Conférence CRCHUS | Resonance Imaging of Brown Adipose Tissue
E. Brian Welch, Ph.D., M.B.A.
Department of Radiology and Radiological Sciences
Department of Biomedical Engineering
Vanderbilt University Institute of Imaging Science (VUIIS)
Vanderbilt University Medical Center, Nashville, TN
Catégorie | Conférence CRCHUS
Conférencier | E. Brian Welch, Ph.D., M.B.A.

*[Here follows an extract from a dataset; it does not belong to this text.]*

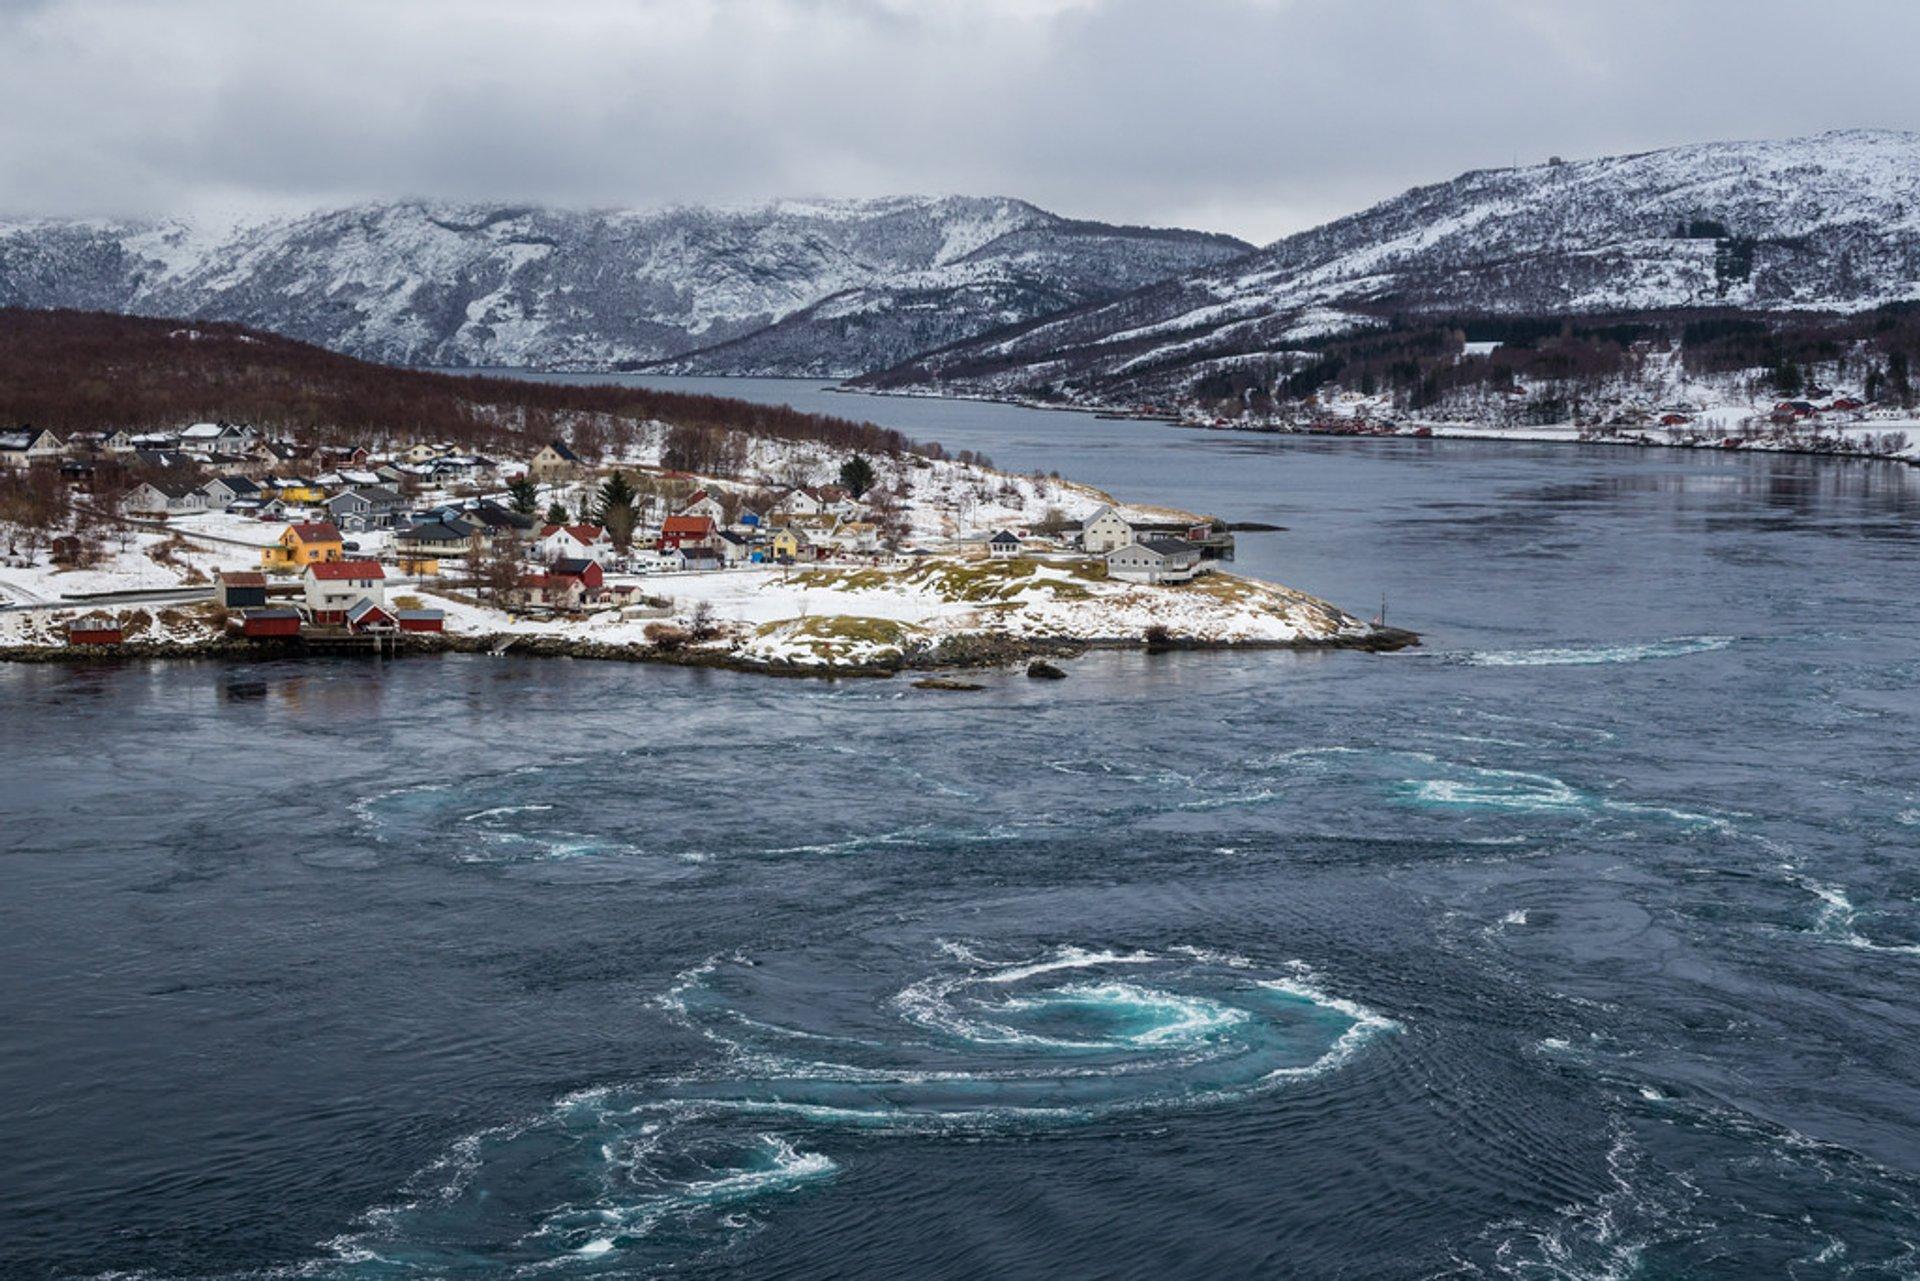 The Saltstraumen Maelstrom in Norway

Date | Mardi 12 septembre 2017 à 12 h
Lieu | local 2999
Conférence en anglais seulement
Brown adipose tissue (BAT) is a thermogenic tissue known to be present in many small mammals and human infants. In human subjects, BAT is believed to diminish with age and be essentially undetectable in adults. However, recent 18F-fluorodeoxyglucose (18F-FDG) positron emission tomography (PET) studies show that small but metabolically significant amounts of BAT persist into adulthood. These studies further suggest an inverse relationship between BAT and obesity, although it remains unclear whether reduced BAT amount and/or activity promotes or results from obesity. The most commonly employed imaging method for differentiating BAT and white adipose tissue (WAT) uses a combination of 18F-FDG PET and x-ray computed tomography (CT), which requires an undesirable radiation dose. An alternative to PET-CT is magnetic resonance imaging (MRI). MRI does not use ionizing radiation and is well suited for longitudinal studies and investigations of radiation-sensitive subjects such as children. Multiple MRI methods can detect and characterize human BAT. Example MRI methods for BAT detection include quantitative fat-signal fraction mapping, fat-water separated thermometry, T2 mapping, dynamic T2*-weighted imaging, hyperpolarized xenon imaging, dynamic contrast enhanced imaging, and perfusion/diffusion imaging. This talk presents an overview of the various MRI methods for imaging BAT with a special focus on quantitative fat-fraction mapping.